** Opening Stored data block **

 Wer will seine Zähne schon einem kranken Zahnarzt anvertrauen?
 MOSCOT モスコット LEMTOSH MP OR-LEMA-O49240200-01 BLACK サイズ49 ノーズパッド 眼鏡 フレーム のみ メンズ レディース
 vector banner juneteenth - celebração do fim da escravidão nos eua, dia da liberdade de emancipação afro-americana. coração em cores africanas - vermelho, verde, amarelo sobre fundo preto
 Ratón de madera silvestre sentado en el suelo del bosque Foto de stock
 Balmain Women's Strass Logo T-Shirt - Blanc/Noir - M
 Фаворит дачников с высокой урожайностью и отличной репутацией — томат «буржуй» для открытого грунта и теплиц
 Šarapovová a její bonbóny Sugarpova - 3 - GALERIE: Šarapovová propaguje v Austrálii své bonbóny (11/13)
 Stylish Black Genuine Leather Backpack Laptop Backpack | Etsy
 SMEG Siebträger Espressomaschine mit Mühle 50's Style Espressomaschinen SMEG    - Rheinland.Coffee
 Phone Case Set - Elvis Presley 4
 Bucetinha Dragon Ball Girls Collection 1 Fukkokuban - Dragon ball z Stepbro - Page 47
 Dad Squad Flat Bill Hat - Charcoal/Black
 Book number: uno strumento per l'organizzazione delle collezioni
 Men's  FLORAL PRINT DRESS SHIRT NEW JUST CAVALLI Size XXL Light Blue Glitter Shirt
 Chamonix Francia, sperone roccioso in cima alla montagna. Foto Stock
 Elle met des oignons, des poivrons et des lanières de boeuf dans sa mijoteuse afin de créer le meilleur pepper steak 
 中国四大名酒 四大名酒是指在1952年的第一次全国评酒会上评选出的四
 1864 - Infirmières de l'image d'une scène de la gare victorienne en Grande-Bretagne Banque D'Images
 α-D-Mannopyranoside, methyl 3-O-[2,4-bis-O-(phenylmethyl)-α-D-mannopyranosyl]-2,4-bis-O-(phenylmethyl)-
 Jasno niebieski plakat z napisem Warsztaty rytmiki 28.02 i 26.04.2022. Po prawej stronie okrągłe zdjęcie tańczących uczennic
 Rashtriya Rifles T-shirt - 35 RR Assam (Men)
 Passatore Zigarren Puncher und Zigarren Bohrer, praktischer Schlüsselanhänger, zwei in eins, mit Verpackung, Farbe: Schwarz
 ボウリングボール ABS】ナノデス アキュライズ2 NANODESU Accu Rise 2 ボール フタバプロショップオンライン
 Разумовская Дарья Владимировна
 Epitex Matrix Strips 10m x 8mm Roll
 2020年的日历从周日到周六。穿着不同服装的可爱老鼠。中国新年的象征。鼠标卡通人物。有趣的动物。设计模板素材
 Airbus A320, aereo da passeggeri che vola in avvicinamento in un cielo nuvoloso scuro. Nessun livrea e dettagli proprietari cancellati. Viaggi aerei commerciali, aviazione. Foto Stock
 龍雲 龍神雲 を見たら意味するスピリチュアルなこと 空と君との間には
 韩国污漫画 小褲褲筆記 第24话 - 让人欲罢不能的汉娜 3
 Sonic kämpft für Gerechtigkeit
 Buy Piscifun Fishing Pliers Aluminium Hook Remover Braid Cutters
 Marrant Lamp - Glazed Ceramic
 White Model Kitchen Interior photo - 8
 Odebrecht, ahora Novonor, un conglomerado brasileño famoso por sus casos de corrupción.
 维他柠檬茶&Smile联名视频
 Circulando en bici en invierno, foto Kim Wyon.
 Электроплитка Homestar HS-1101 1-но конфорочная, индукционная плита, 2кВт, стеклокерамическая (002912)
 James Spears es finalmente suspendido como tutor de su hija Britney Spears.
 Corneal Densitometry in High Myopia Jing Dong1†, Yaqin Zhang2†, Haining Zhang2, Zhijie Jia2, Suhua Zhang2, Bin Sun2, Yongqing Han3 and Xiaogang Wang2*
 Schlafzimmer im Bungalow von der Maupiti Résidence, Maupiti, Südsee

** Closing Stored data block **

Requirement: Output the material verbatim, including every line.

Exercise response:
 Wer will seine Zähne schon einem kranken Zahnarzt anvertrauen?
 MOSCOT モスコット LEMTOSH MP OR-LEMA-O49240200-01 BLACK サイズ49 ノーズパッド 眼鏡 フレーム のみ メンズ レディース
 vector banner juneteenth - celebração do fim da escravidão nos eua, dia da liberdade de emancipação afro-americana. coração em cores africanas - vermelho, verde, amarelo sobre fundo preto
 Ratón de madera silvestre sentado en el suelo del bosque Foto de stock
 Balmain Women's Strass Logo T-Shirt - Blanc/Noir - M
 Фаворит дачников с высокой урожайностью и отличной репутацией — томат «буржуй» для открытого грунта и теплиц
 Šarapovová a její bonbóny Sugarpova - 3 - GALERIE: Šarapovová propaguje v Austrálii své bonbóny (11/13)
 Stylish Black Genuine Leather Backpack Laptop Backpack | Etsy
 SMEG Siebträger Espressomaschine mit Mühle 50's Style Espressomaschinen SMEG    - Rheinland.Coffee
 Phone Case Set - Elvis Presley 4
 Bucetinha Dragon Ball Girls Collection 1 Fukkokuban - Dragon ball z Stepbro - Page 47
 Dad Squad Flat Bill Hat - Charcoal/Black
 Book number: uno strumento per l'organizzazione delle collezioni
 Men's  FLORAL PRINT DRESS SHIRT NEW JUST CAVALLI Size XXL Light Blue Glitter Shirt
 Chamonix Francia, sperone roccioso in cima alla montagna. Foto Stock
 Elle met des oignons, des poivrons et des lanières de boeuf dans sa mijoteuse afin de créer le meilleur pepper steak 
 中国四大名酒 四大名酒是指在1952年的第一次全国评酒会上评选出的四
 1864 - Infirmières de l'image d'une scène de la gare victorienne en Grande-Bretagne Banque D'Images
 α-D-Mannopyranoside, methyl 3-O-[2,4-bis-O-(phenylmethyl)-α-D-mannopyranosyl]-2,4-bis-O-(phenylmethyl)-
 Jasno niebieski plakat z napisem Warsztaty rytmiki 28.02 i 26.04.2022. Po prawej stronie okrągłe zdjęcie tańczących uczennic
 Rashtriya Rifles T-shirt - 35 RR Assam (Men)
 Passatore Zigarren Puncher und Zigarren Bohrer, praktischer Schlüsselanhänger, zwei in eins, mit Verpackung, Farbe: Schwarz
 ボウリングボール ABS】ナノデス アキュライズ2 NANODESU Accu Rise 2 ボール フタバプロショップオンライン
 Разумовская Дарья Владимировна
 Epitex Matrix Strips 10m x 8mm Roll
 2020年的日历从周日到周六。穿着不同服装的可爱老鼠。中国新年的象征。鼠标卡通人物。有趣的动物。设计模板素材
 Airbus A320, aereo da passeggeri che vola in avvicinamento in un cielo nuvoloso scuro. Nessun livrea e dettagli proprietari cancellati. Viaggi aerei commerciali, aviazione. Foto Stock
 龍雲 龍神雲 を見たら意味するスピリチュアルなこと 空と君との間には
 韩国污漫画 小褲褲筆記 第24话 - 让人欲罢不能的汉娜 3
 Sonic kämpft für Gerechtigkeit
 Buy Piscifun Fishing Pliers Aluminium Hook Remover Braid Cutters
 Marrant Lamp - Glazed Ceramic
 White Model Kitchen Interior photo - 8
 Odebrecht, ahora Novonor, un conglomerado brasileño famoso por sus casos de corrupción.
 维他柠檬茶&Smile联名视频
 Circulando en bici en invierno, foto Kim Wyon.
 Электроплитка Homestar HS-1101 1-но конфорочная, индукционная плита, 2кВт, стеклокерамическая (002912)
 James Spears es finalmente suspendido como tutor de su hija Britney Spears.
 Corneal Densitometry in High Myopia Jing Dong1†, Yaqin Zhang2†, Haining Zhang2, Zhijie Jia2, Suhua Zhang2, Bin Sun2, Yongqing Han3 and Xiaogang Wang2*
 Schlafzimmer im Bungalow von der Maupiti Résidence, Maupiti, Südsee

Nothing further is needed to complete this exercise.